Question about recall calculation

erikbern / ann-benchmarks

Benchmarks of approximate nearest neighbor libraries in Python

http://ann-benchmarks.com

MIT License

4.88k stars 735 forks source link

Question about recall calculation #519

Closed oleg0x closed 4 months ago

oleg0x commented 4 months ago

Hello, Could you clarify please how recall is calculated in the case when an algorithm search returns 10 equal vectors each of which is the closest to the request? Is it possible that in such case the recall (from get_recall_values function?) will be 100%?

maumueller commented 4 months ago

We look at the distances of the reported points. Every point that is within the distance (+ small epsilon) of the k-th nearest neighbor is considered a correct result.

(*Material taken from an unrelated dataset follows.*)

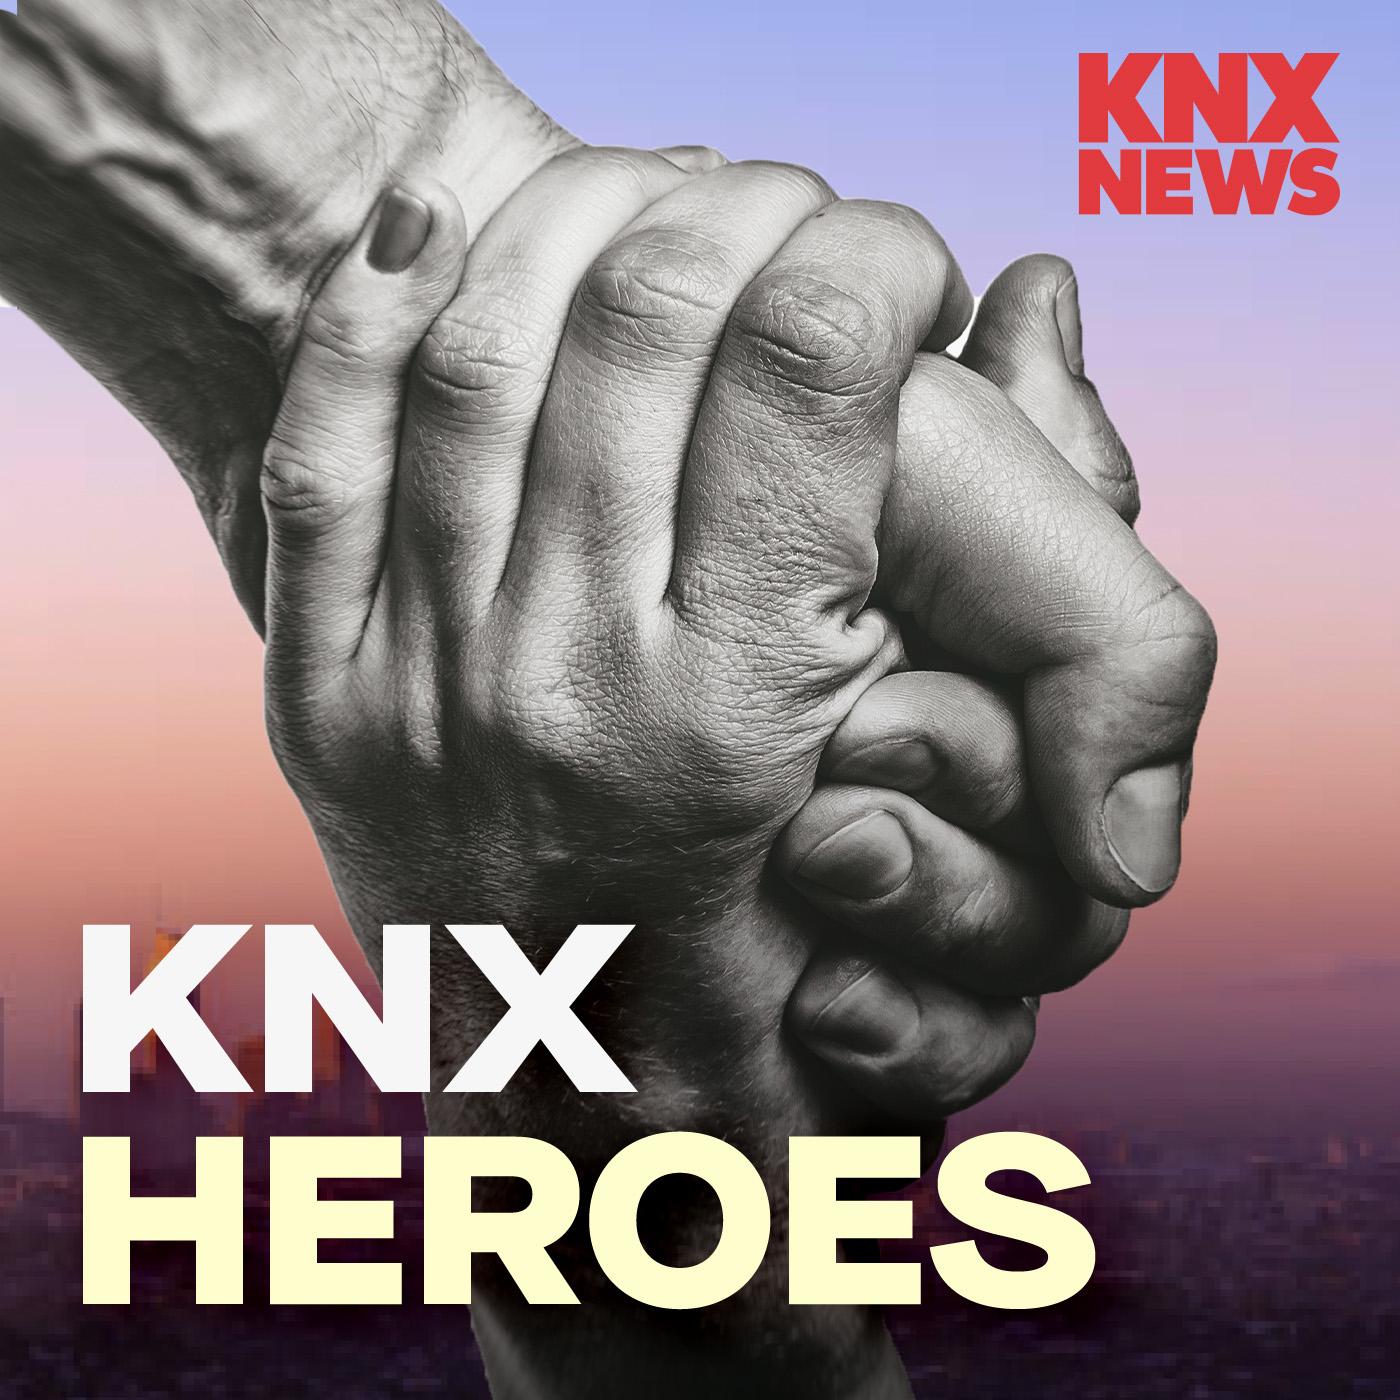 KNX Helpful Honda Hero of the Week

oleg0x commented 4 months ago

Suppose for k=10 an algorithm returns 10 copies of the same point which is the closest to a query. Will the recall be 100% or 10% in this case?

maumueller commented 4 months ago

Now I get what you mean. As far as I can see, we do not check whether an algorithm returns duplicated points. It would get 100% recall by just returning the nearest neighbor 10 times.

oleg0x commented 4 months ago

OK, thanks. But now it seems this is a loophole for ANNS algorithms developers :). If someone fix it, the results may change a little.